Thursday, May 31, 2007

Pas Ma Faute

Every time Dr. Phil has some teenager with an 'issue' on his show (and show me a teenager without one) - he always goes on about how their brain hasn't stopped growing yet and that they really can't make decisions properly because of it and yadda yadda yadda. Are you kidding me? I was a teenager once (like 2 years ago) and I was never allowed to blame my idiocy on a physiological issue. NOT FAIR. I blamed my hair on the Final Net, my zits on the hormones and my blisters on the jelly shoes...but I couldn't blame my numnuts teenage decision-making on the fact that my brain wasn't capable of decifering right from wrong.

So, I think I missed out.

Therefore, every stupid move I make from now on will heretofore be a direct result of the underdeveloped tender chunks of cuts n' gravy in my head (not the recalled kind).
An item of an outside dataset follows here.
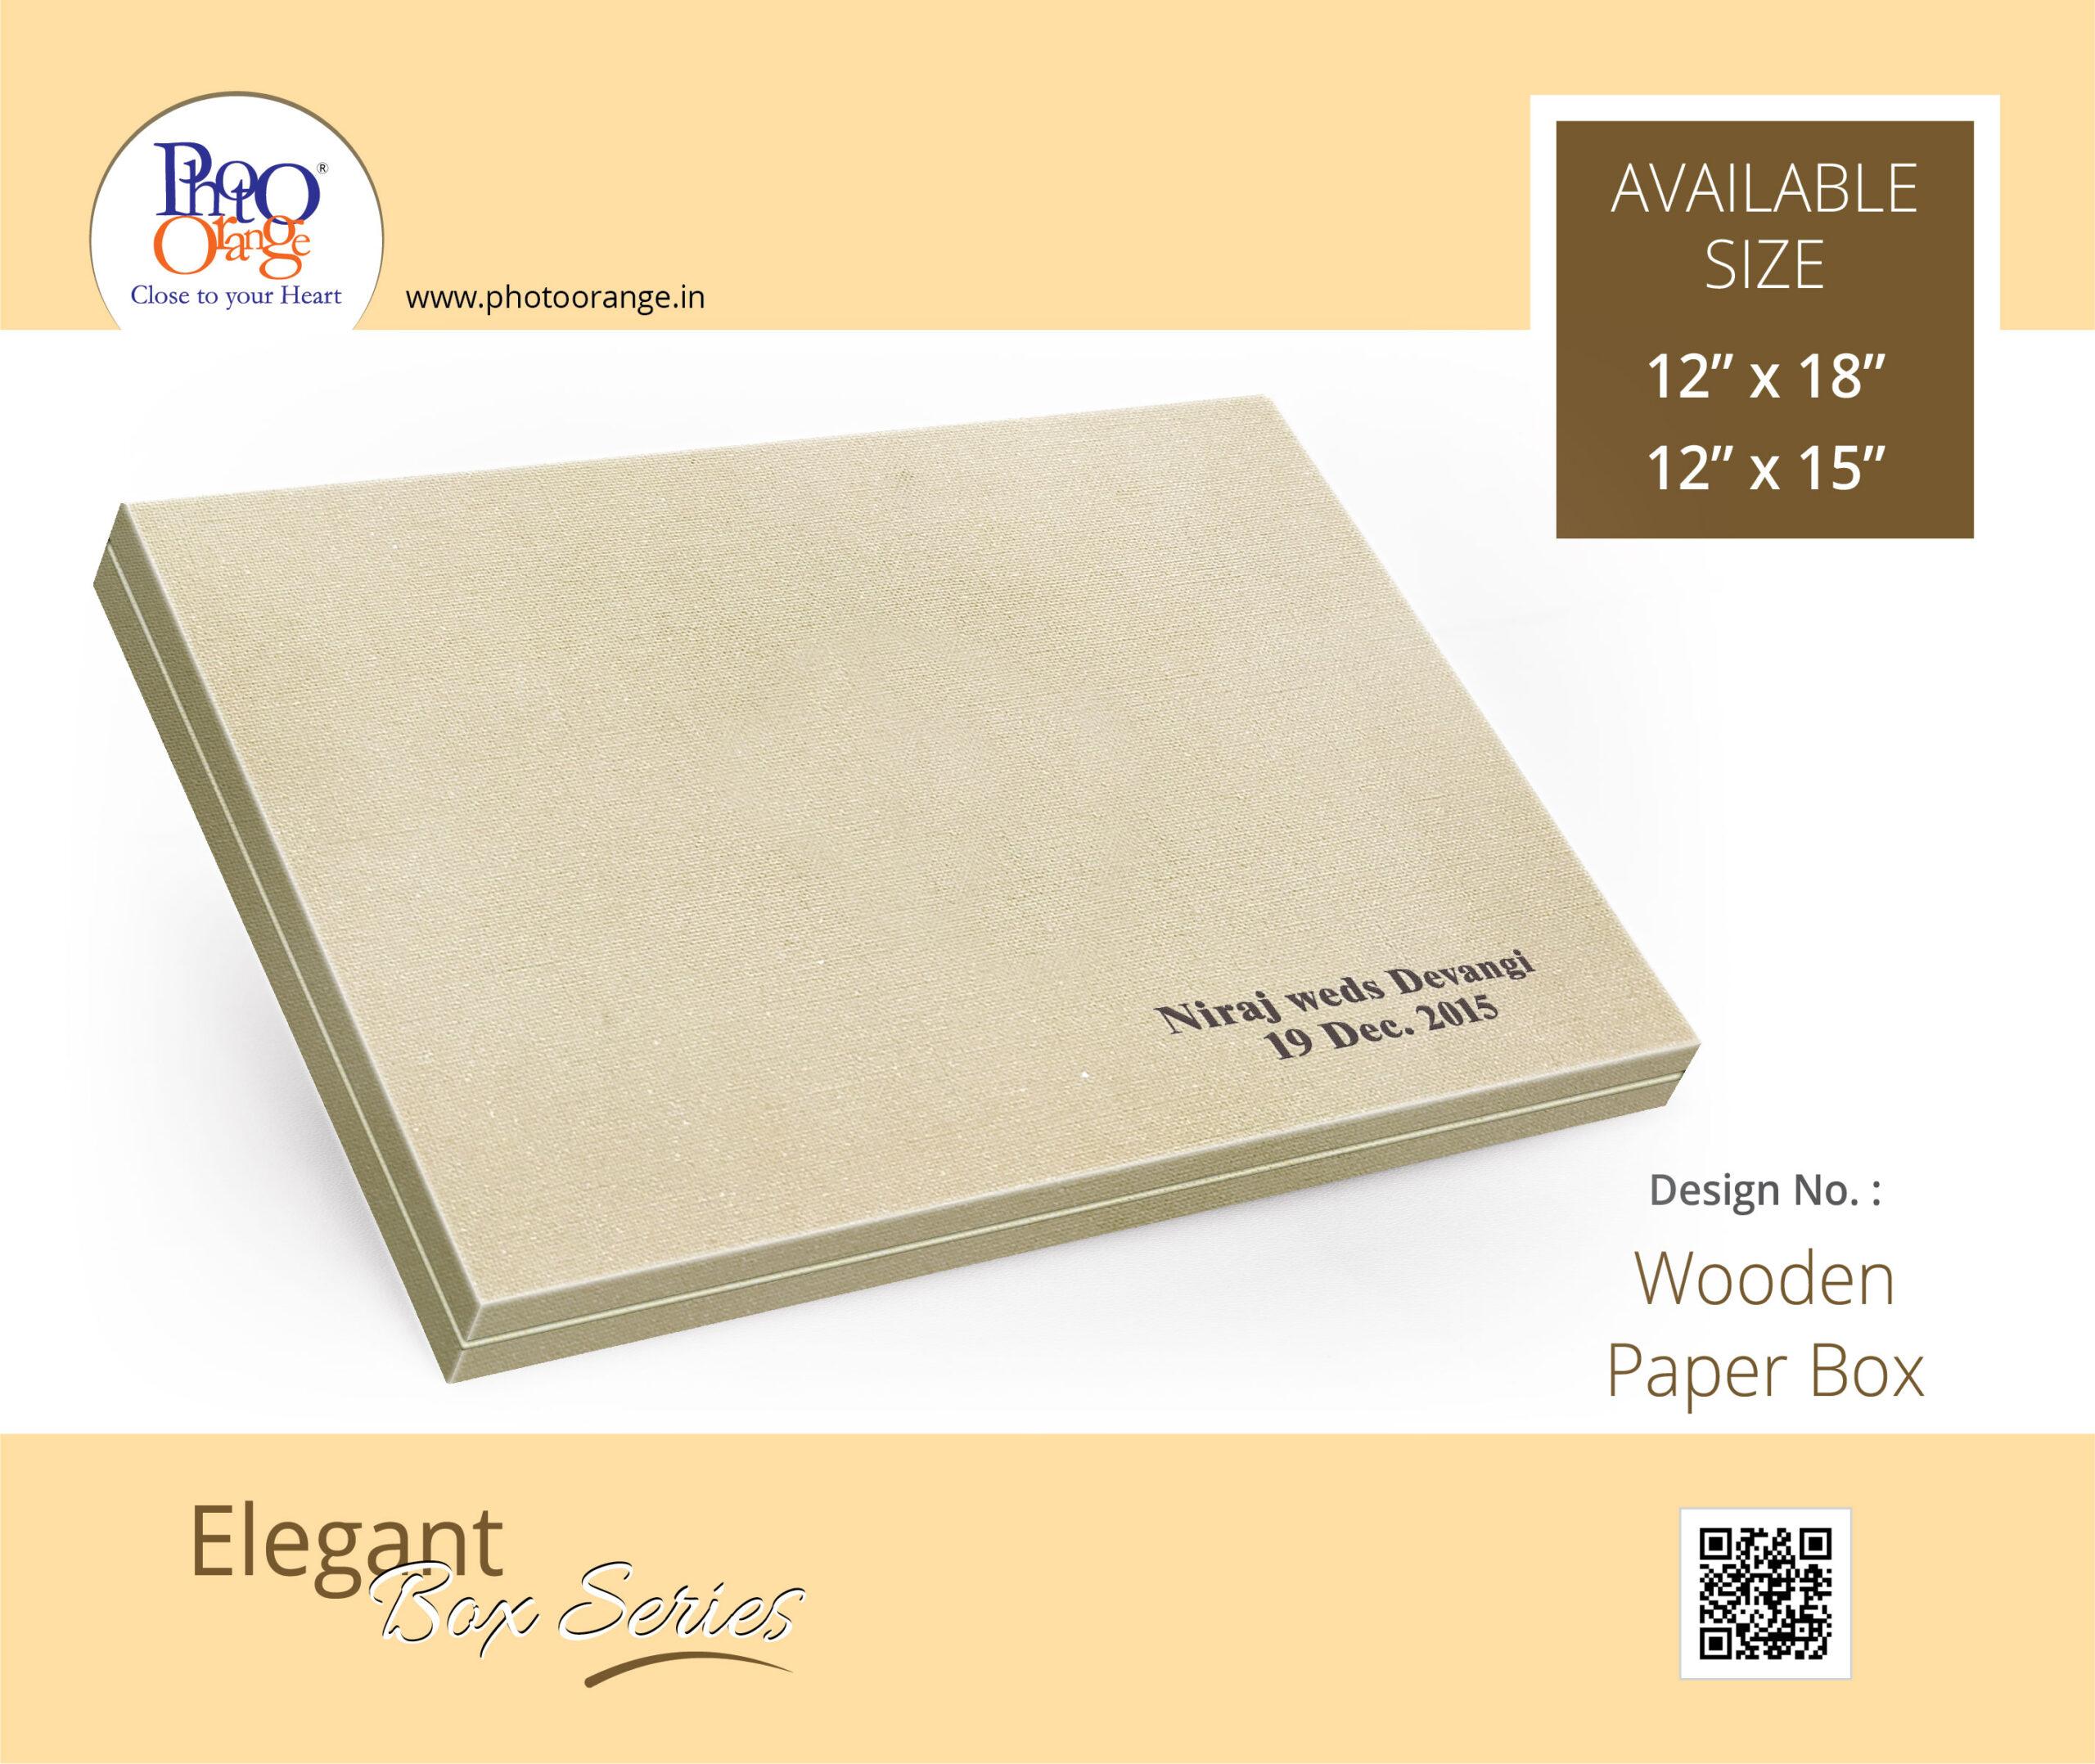 Wooden Paper Box

The first thing I am going to do is some light cardio. I will achieve this by roughing up the nearest geriatric crossing guard. Back me up Dr. Philly! I'll bring a big cardboard cut-out of him when I do it, too. So when the crossing guard describes the attack to police, he'll remember seeing Dr. Phil. Sure, I'll be there too. But if you were being roughed up by a generic-looking girl and a GIANT ONE DIMENSIONAL, STONE-FACED BIG BALD MAN WHO RESSEMBLED DR. PHIL ....which would you remember most?

Yeah, I thought so.

The lesson here, people? Dr. Phil hates crossing guards. And my brain isn't my fault.

4 comments:

Maria said...

When you rough up the guard can you please let us know when and where so that I can sell lemonade for the occassion.

JB said...

You haven't been a teen for two years?
Wow, yer old, eh?
We live in a world where we're afraid to offend people who murder and steal. "Oh, they must have had a terrible childhood! it's not their fault! They're a victim!"
...so how could we possibly blame poor teens for the stoopid things they do? 'New age' psychiatry, like Dr. Phil's, is so bogus. I can't watch it. Makes me crazy that he's even got work, let alone a gazillionaire from all of it.

T said...

hehe, I forgot about the existence of jelly shoes until I read your post. Loved 'em. Thanks for taking me back N@...lol

Marisa said...

When you rough up that guard, I would like to be there to be the voice of Dr. Phil..."Now, what were you thinkin?"